**Exercise:** When the data below is printed, every line must match exactly and the images must be absent.

Study material START

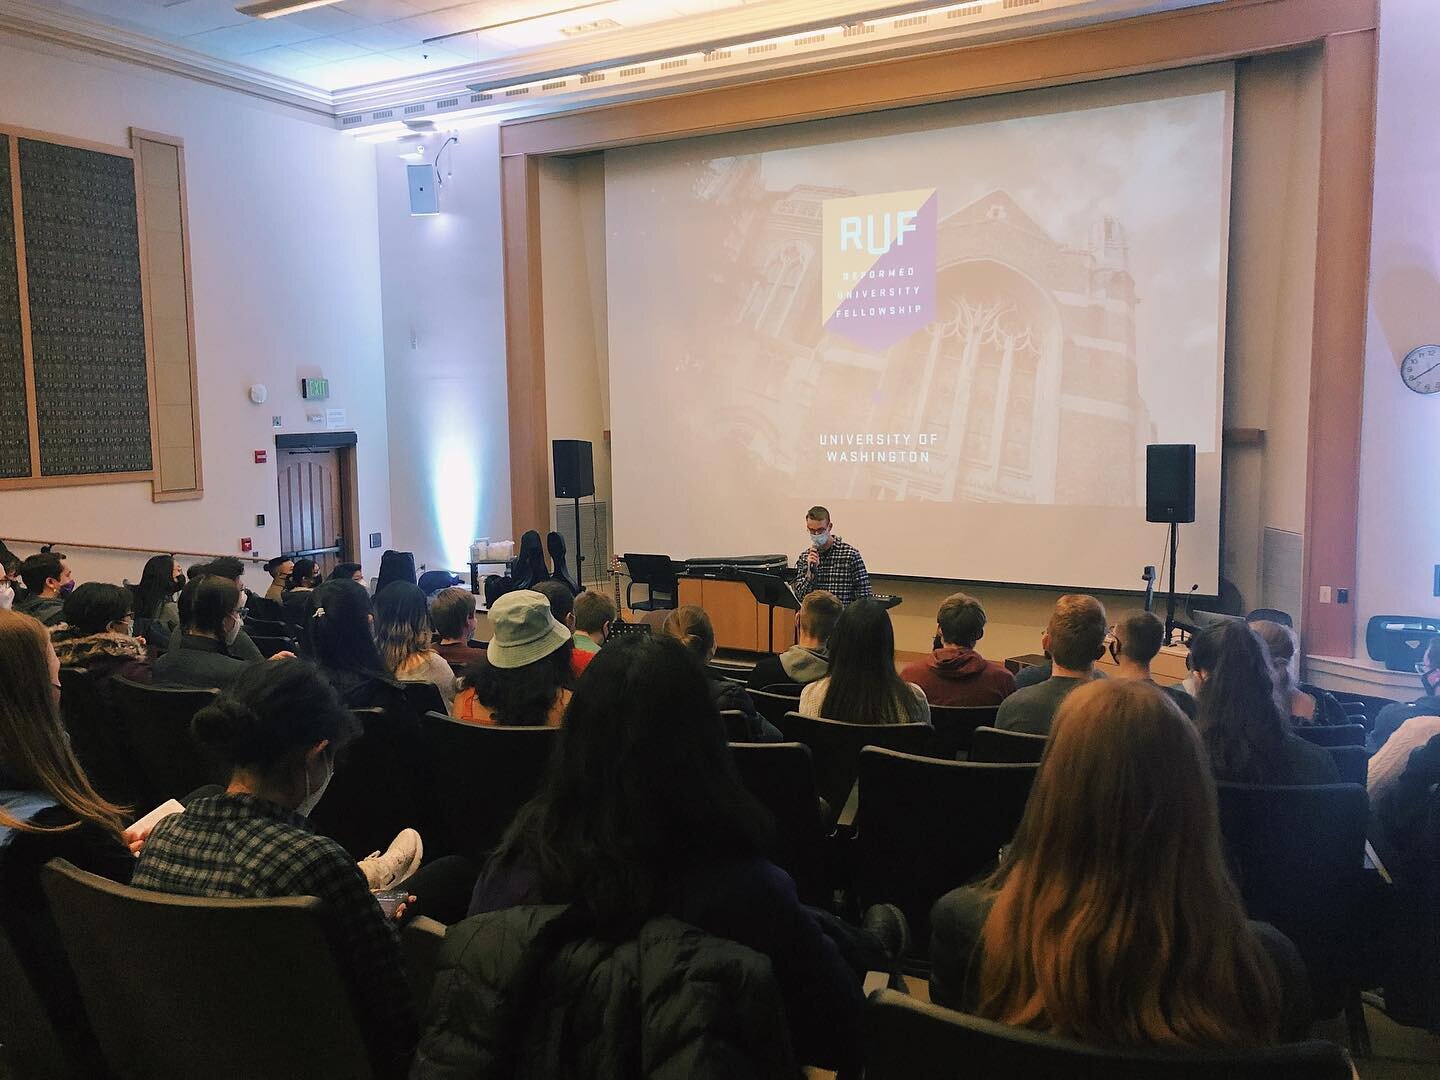 Not much is going on in RUF this week! So instead, take a look back on winter quarter, starting with when we were doing things on Zoom! Thank you to everyone who played a part in making this quarter a good one!
&middot;
No Bible studies or large grou
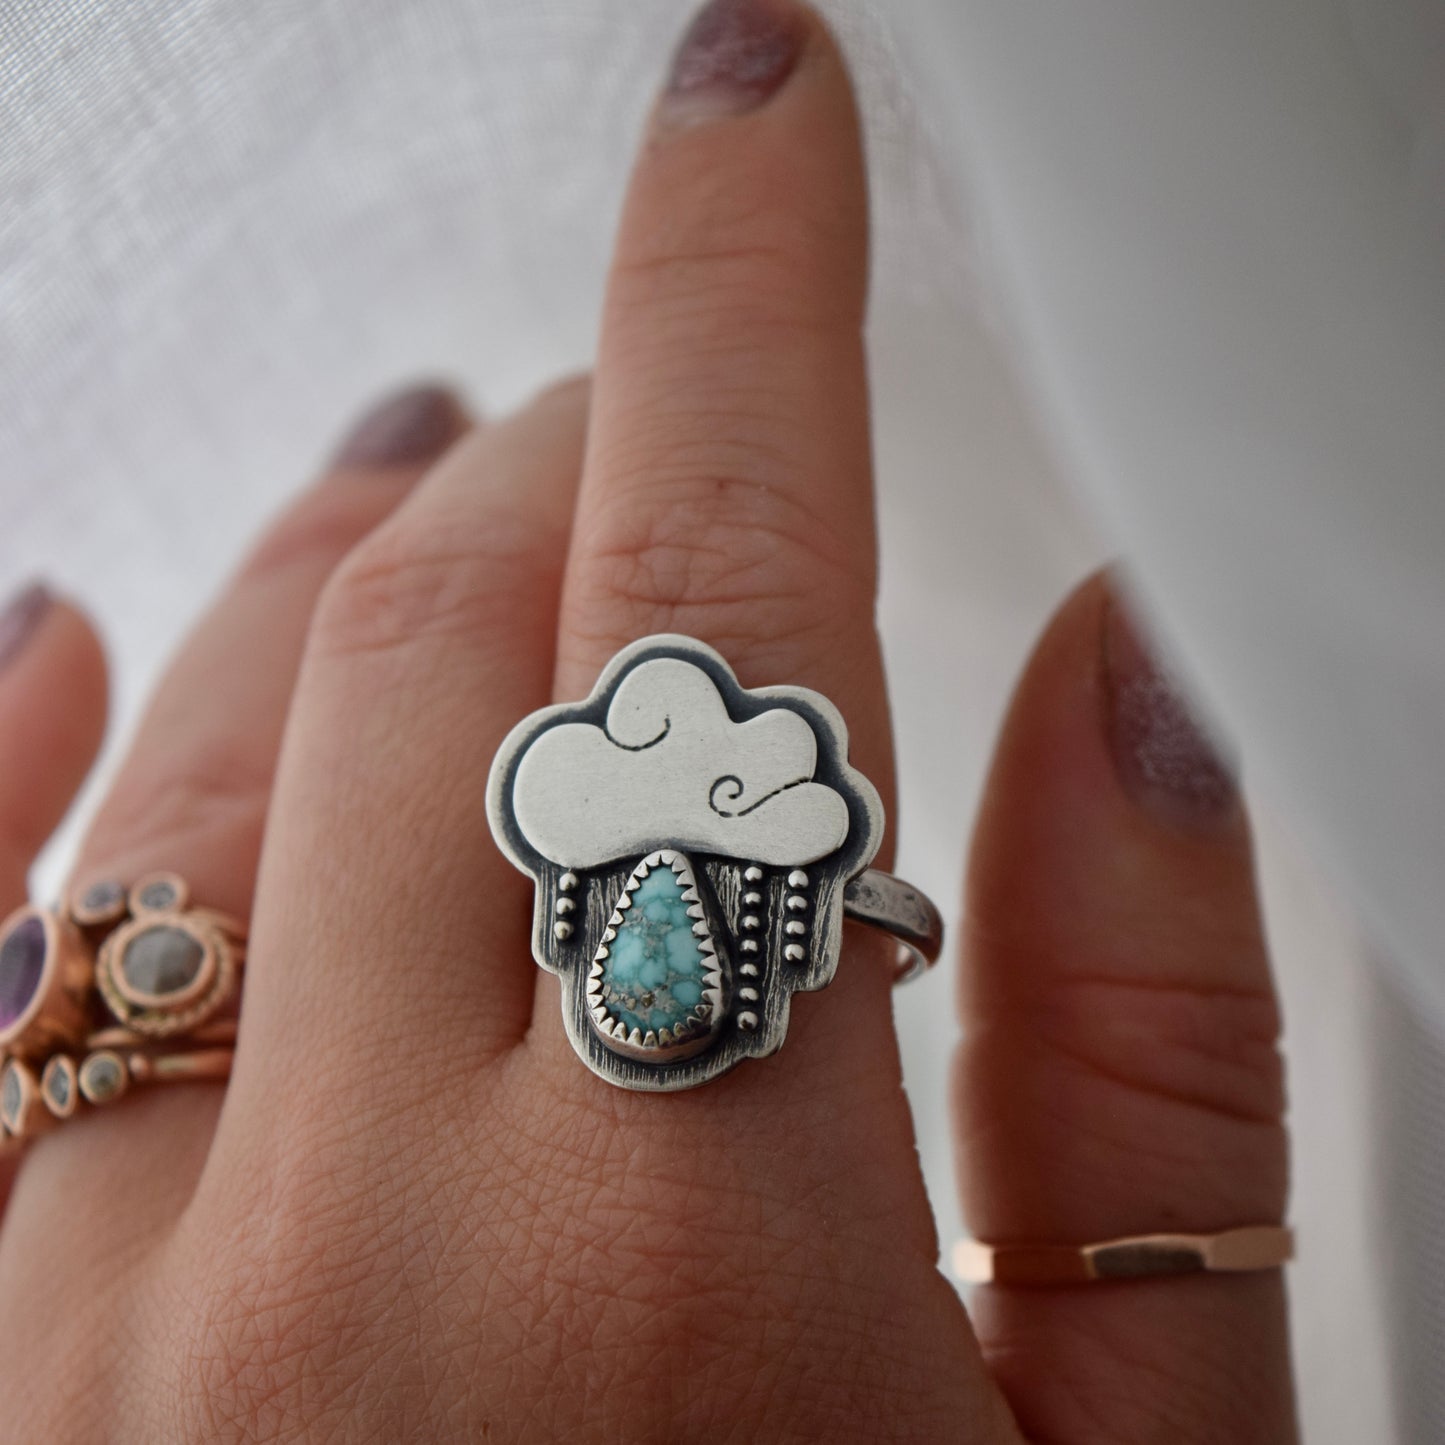 Little Dark Cloud Ring with White Water Turquoise size 10
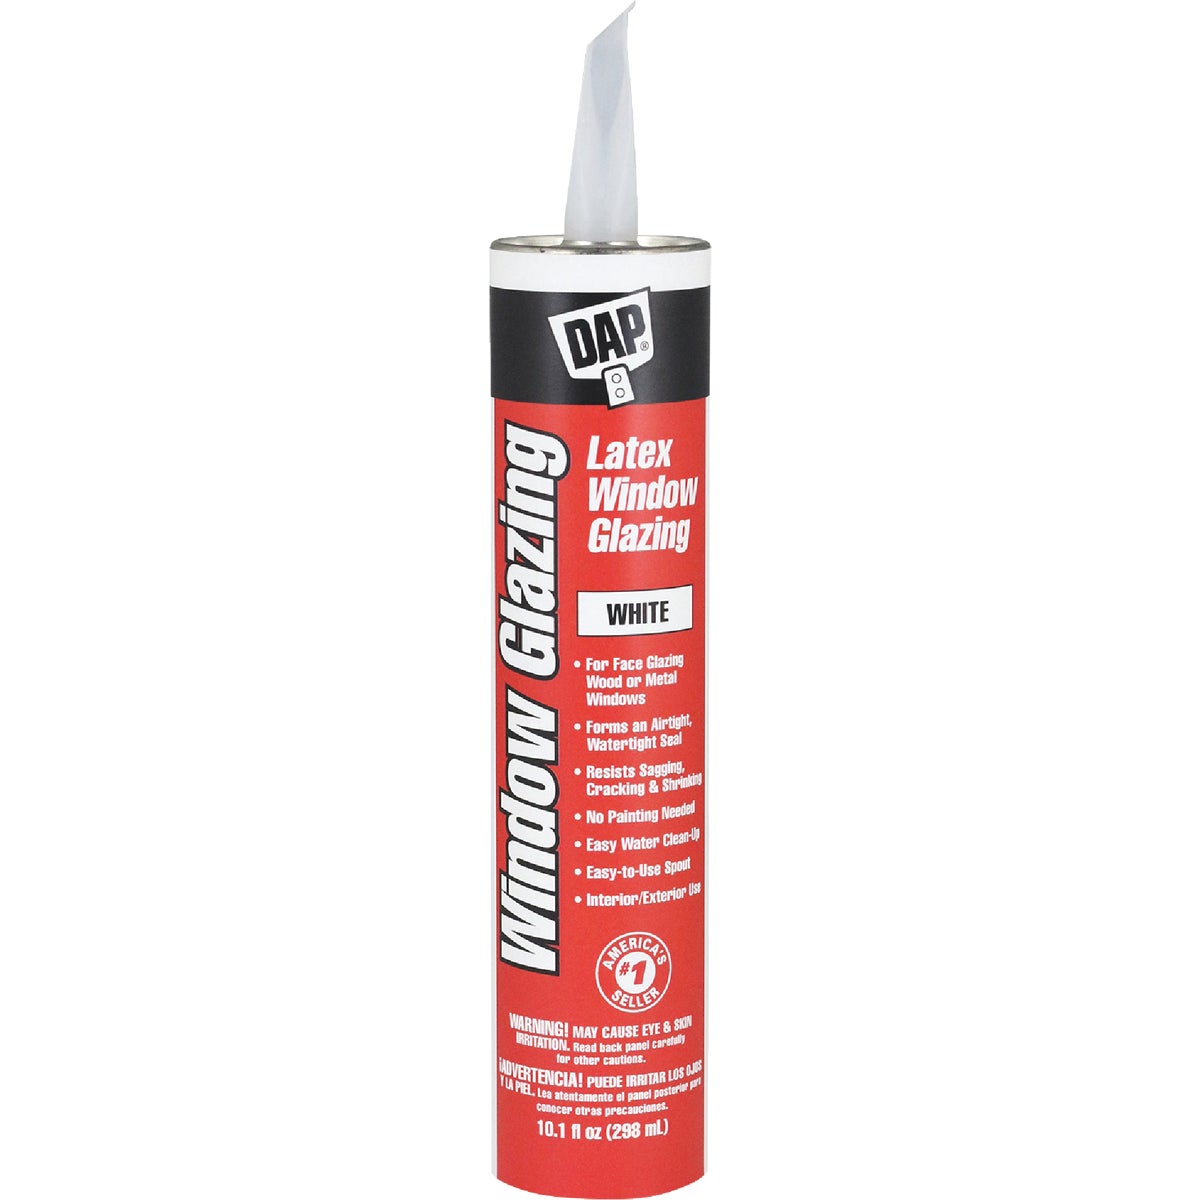 Item 770051, Provides a long lasting seal against weather and moisture.

Study material END

**Output for this task:**
 Not much is going on in RUF this week! So instead, take a look back on winter quarter, starting with when we were doing things on Zoom! Thank you to everyone who played a part in making this quarter a good one!
&middot;
No Bible studies or large grou
 Little Dark Cloud Ring with White Water Turquoise size 10
 Item 770051, Provides a long lasting seal against weather and moisture.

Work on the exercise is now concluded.